Stored data START

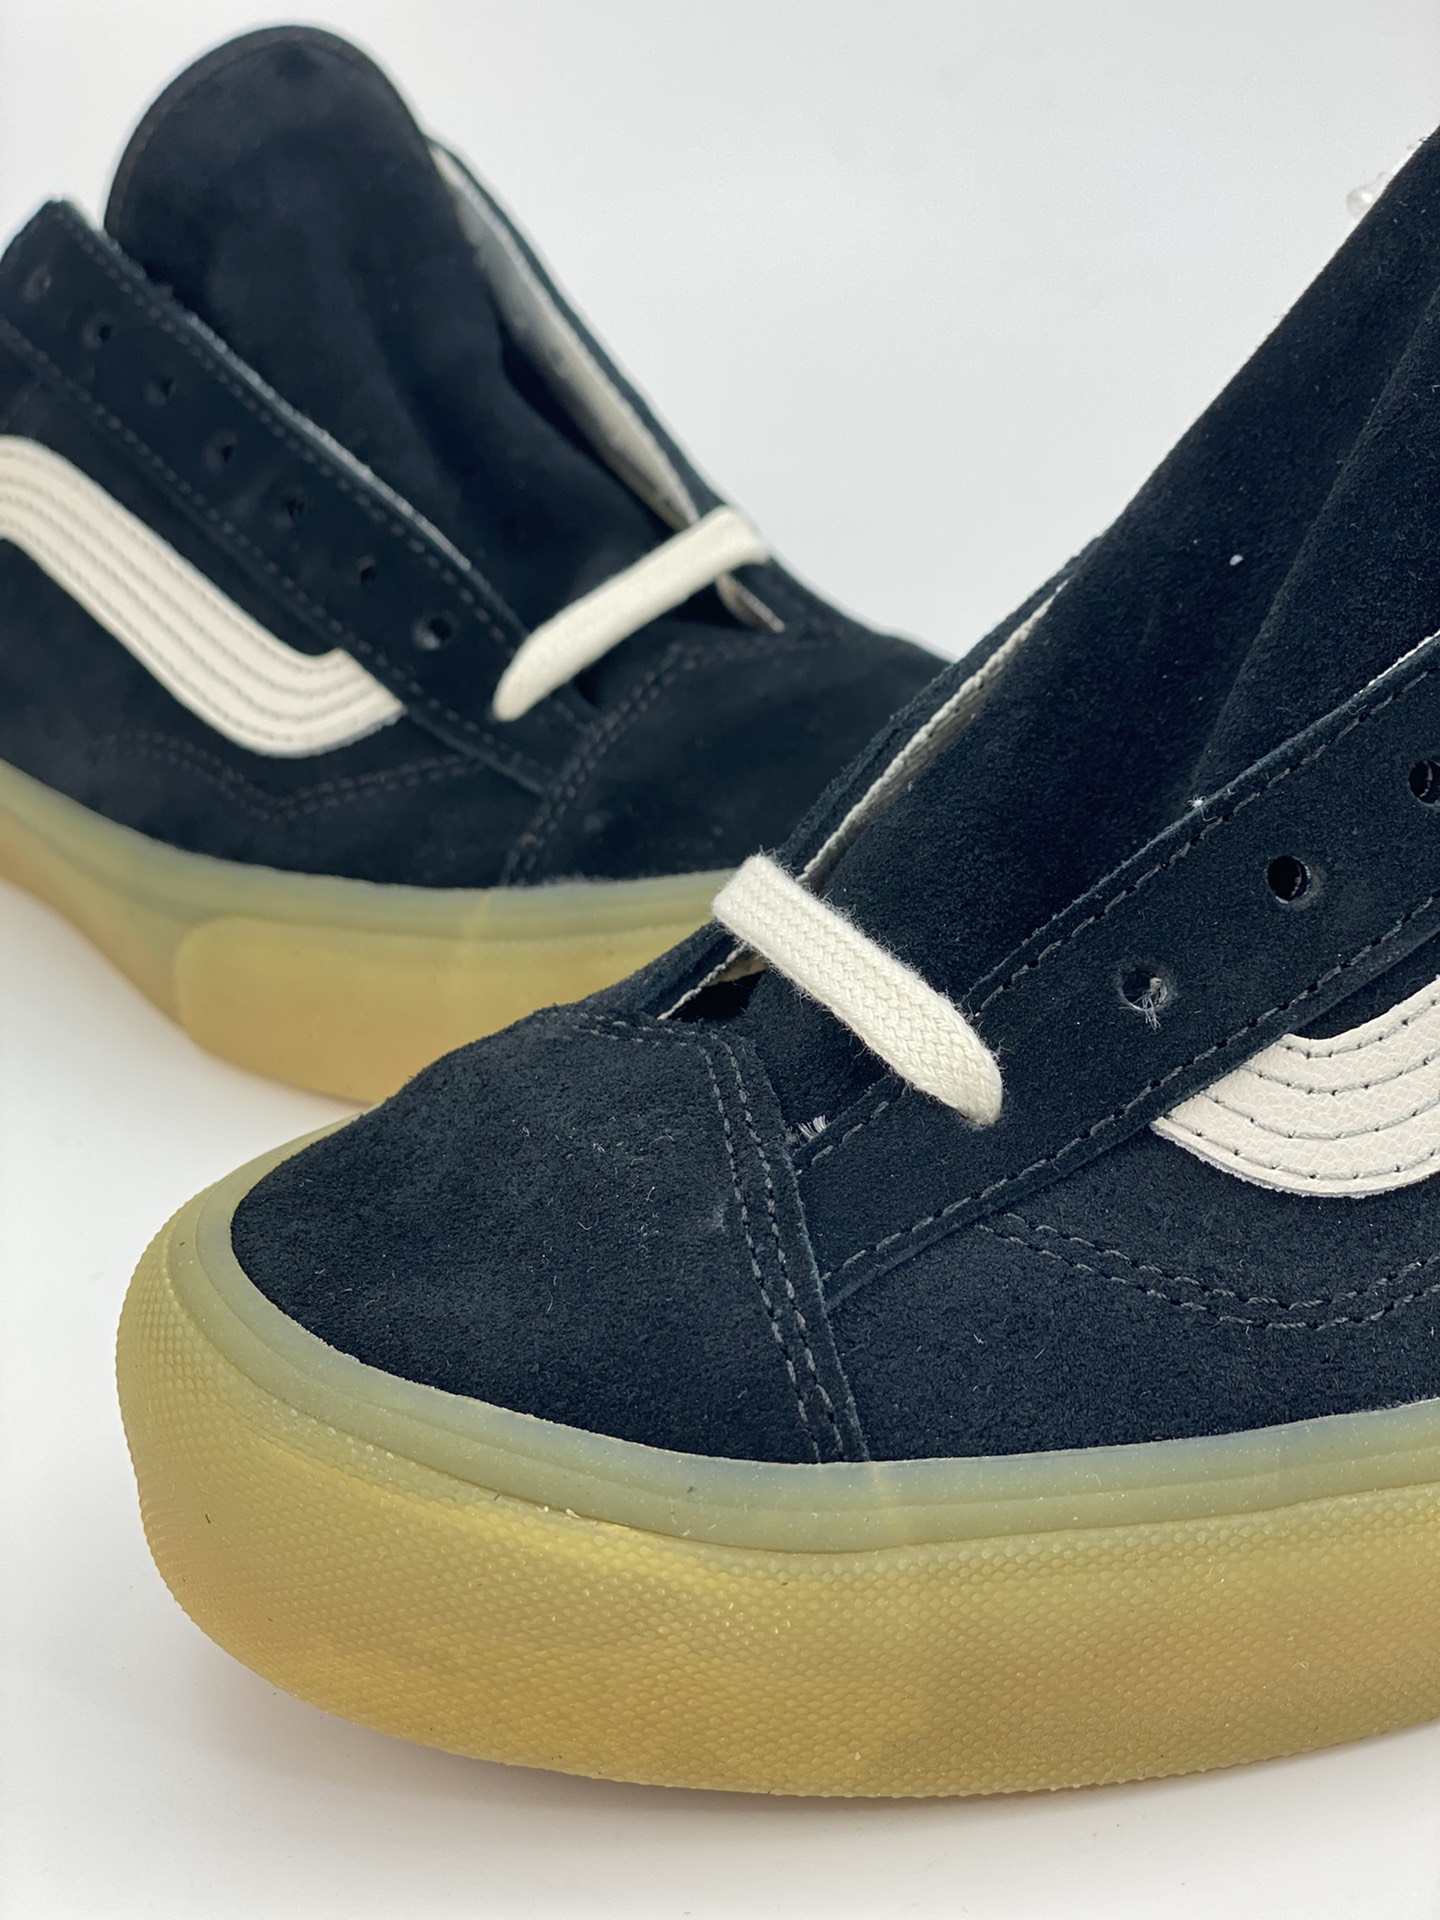 VANS Style 36 black rubber sole men's and women's suede versatile low-top sneakers
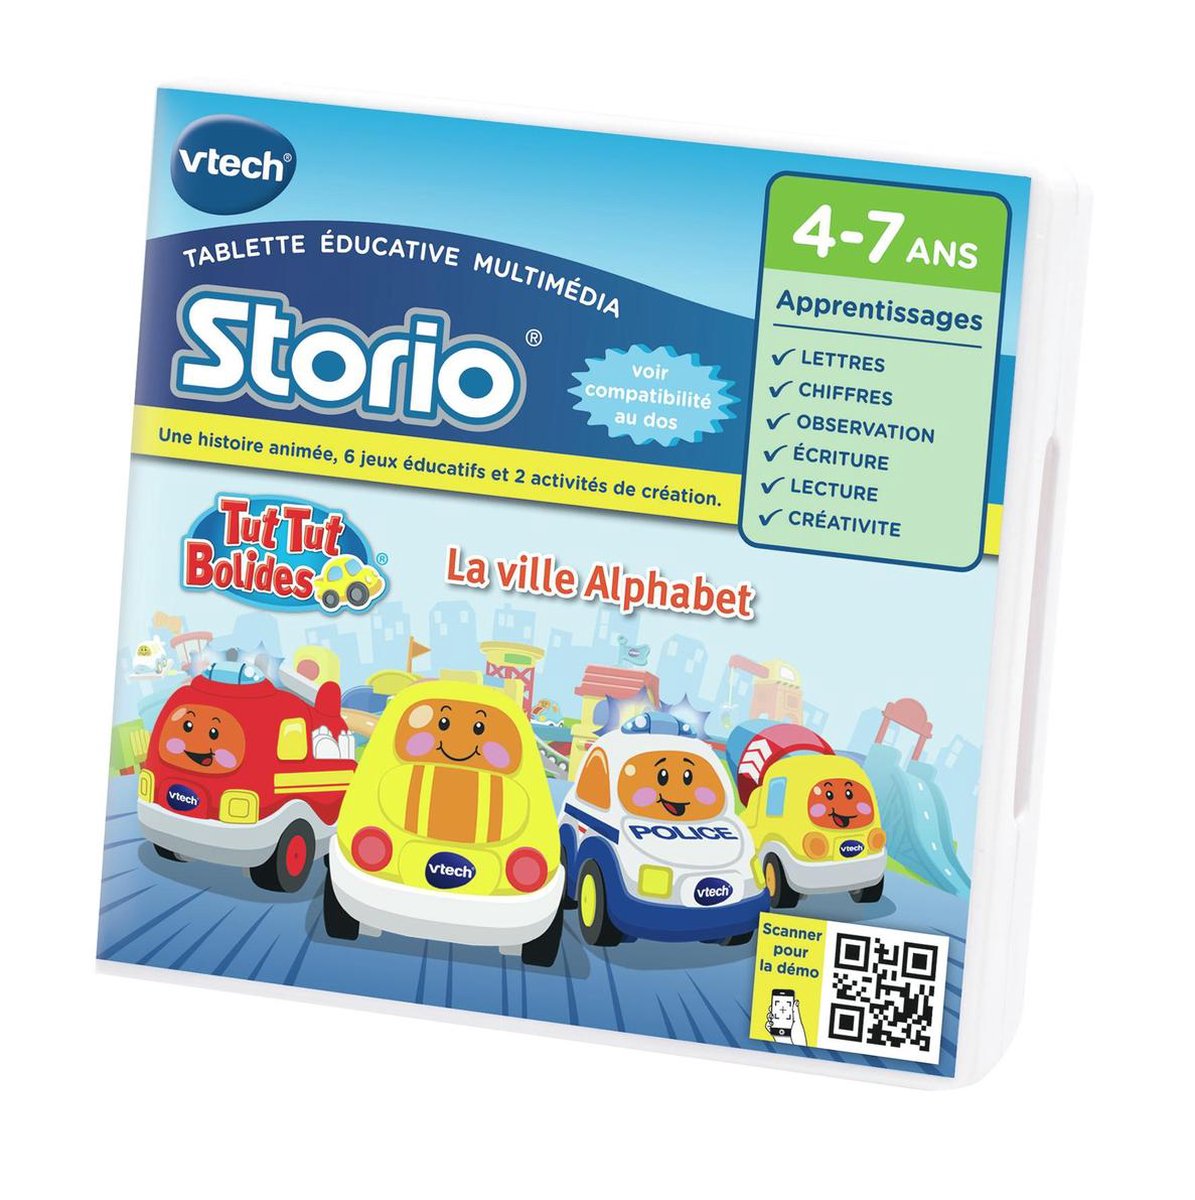 Tablette éducative multimédia Storio 2 d'occasion VTECH - Dès 6
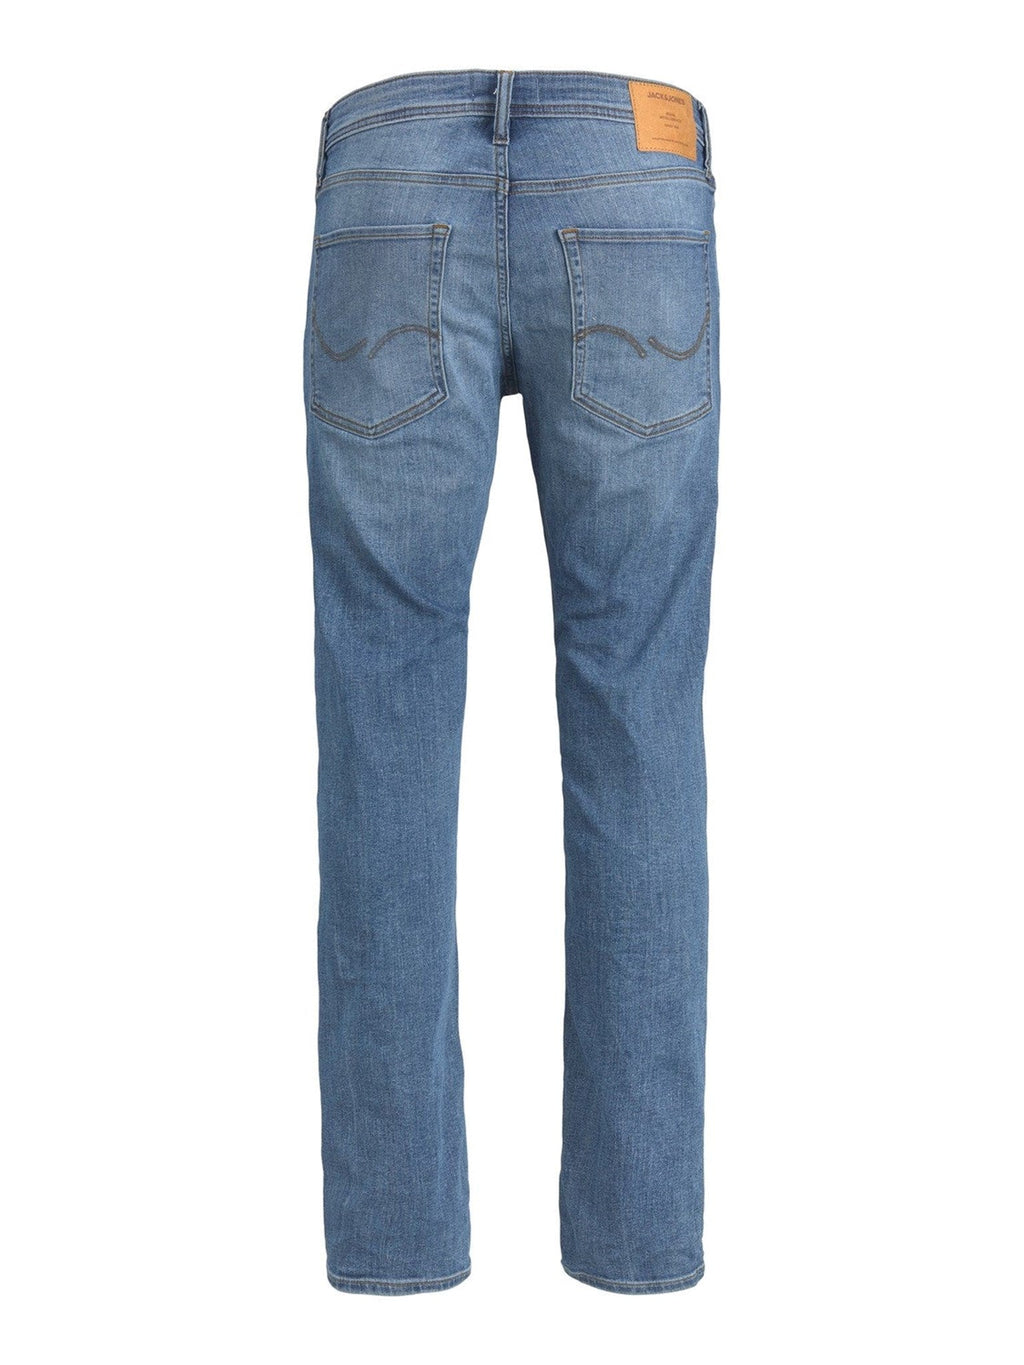 Jeans original Mike - Denim bleu clair

Stored data END

Problem description:
Restate all of the material word for word. Keep out every picture.

Expected output:
 VANS Style 36 black rubber sole men's and women's suede versatile low-top sneakers
 Tablette éducative multimédia Storio 2 d'occasion VTECH - Dès 6
 Jeans original Mike - Denim bleu clair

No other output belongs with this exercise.